|Anglican Circle of Faith|
Anglican Communion, worldwide fellowship of national and regional churches in communion with the Church of England and the archbishop of Canterbury. With 540 dioceses throughout the world, the total membership of the churches is approximately 73 million. Intended to promote mutual understanding and cooperation in common tasks, the Communion unites churches that share a common heritage and subscribe to the Lambeth Quadrilateral of 1884. The Quadrilateral, a statement of the doctrines considered essential from the Anglican standpoint, upholds the catholic and apostolic faith and order of the Christian church as found in Scripture, the sacraments of baptism and the Eucharist, the Apostles' Creed and Nicene Creed, and episcopal government.

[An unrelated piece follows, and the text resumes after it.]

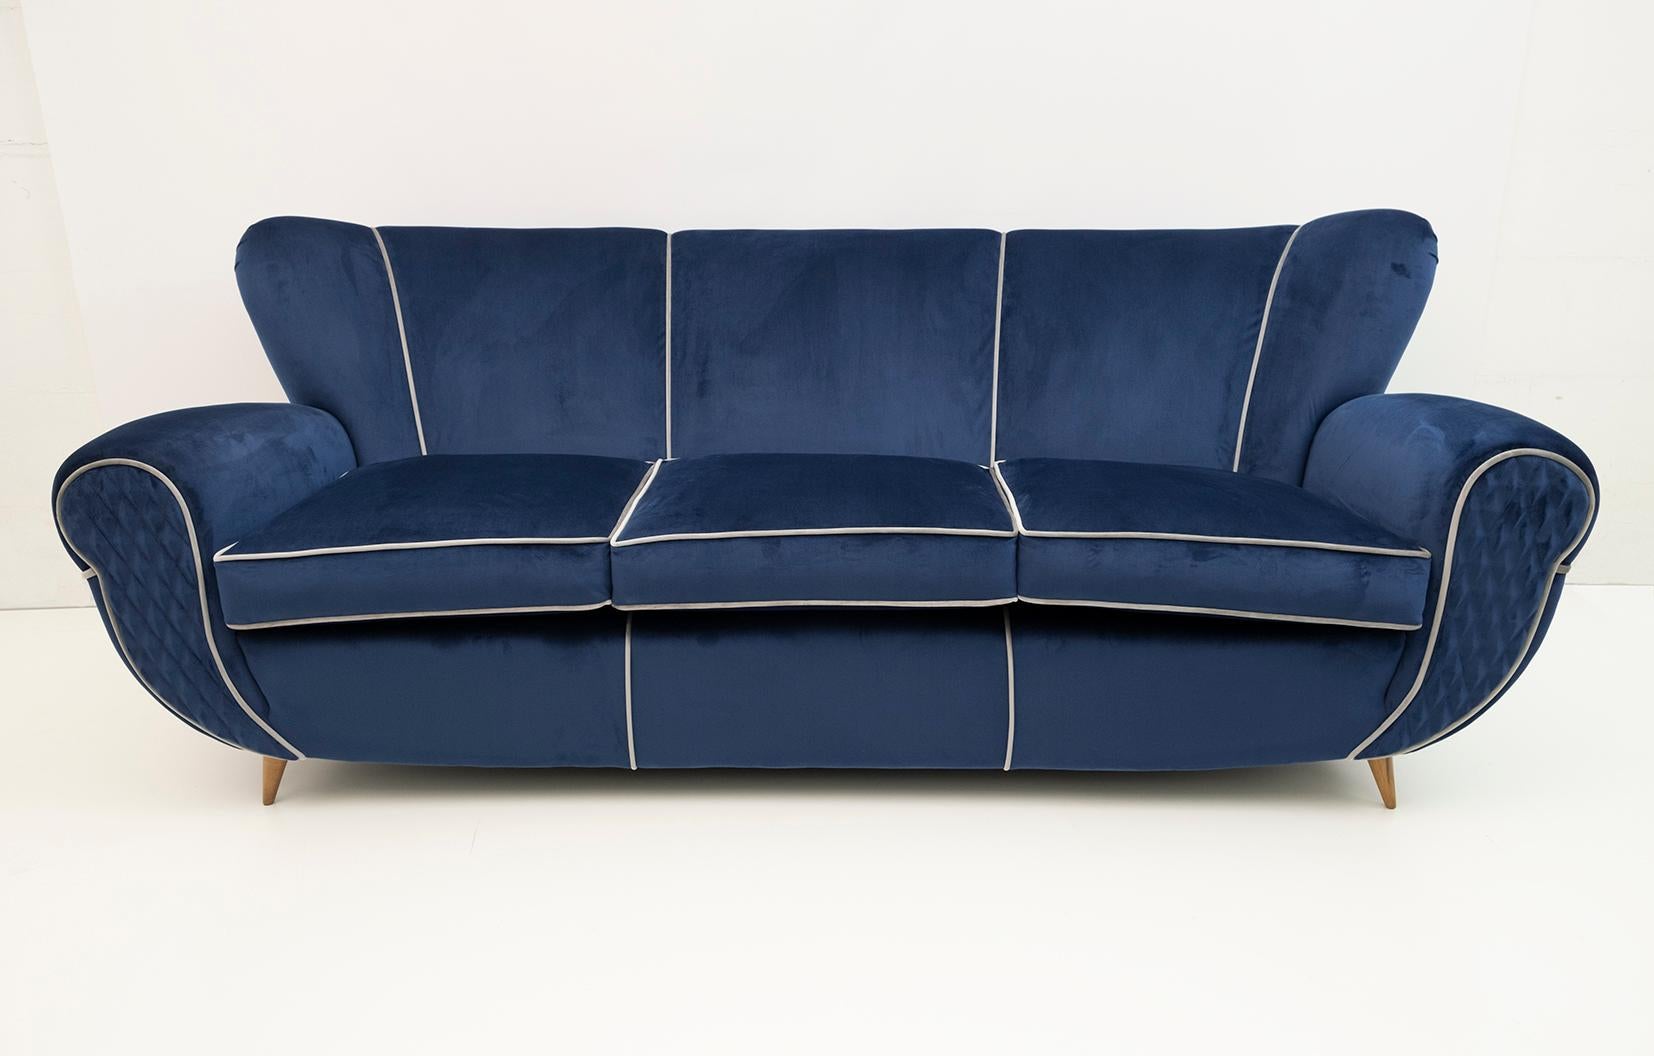 Un grand canapé sculptural italien conçu par Guglielmo Ulrich, très confortable. Récemment recouvert de velours bleu clair avec une bordure de velours gris clair, de manière minimaliste, ce qui accentue les formes courbes. Les pieds effilés et

All the churches use the Book of Common Prayer, reformed and adapted to the needs of the times and of particular locales.
Although the Anglican Communion has existed since the 16th and 17th centuries, when the Church of England established foreign missions, its effective function as a communion of independent churches began in 1867. In that year, the first Lambeth Conference, an assembly of the bishops of the whole Anglican Communion under the presidency of the Archbishop of Canterbury, was held at Lambeth Palace, London. A conference has met there about every ten years since then to deal with doctrinal, disciplinary, and ecumenical matters, as well as missionary responsibilities. Much of the agenda has concerned the unity of the church. In 1948, the Lambeth Conference heralded the birth of the Church of South India, which united certain Anglican dioceses with non-Anglican churches in that area. The Lambeth Conference of 1968 established the Anglican Consultative Council under the presidency of the archbishop of Canterbury. The council, composed of 60 representatives from every part of the Anglican Communion who meet every two to three years, is intended to supply guidance on policy matters of importance to the Communion, to forward ecumenical relations, and to provide cooperation in missionary work. Regional councils are also active in South America, East Asia, the South Pacific, and North America, with more to be established. These councils were created to promote better communication among the churches of a given area and to advance cooperative planning efforts.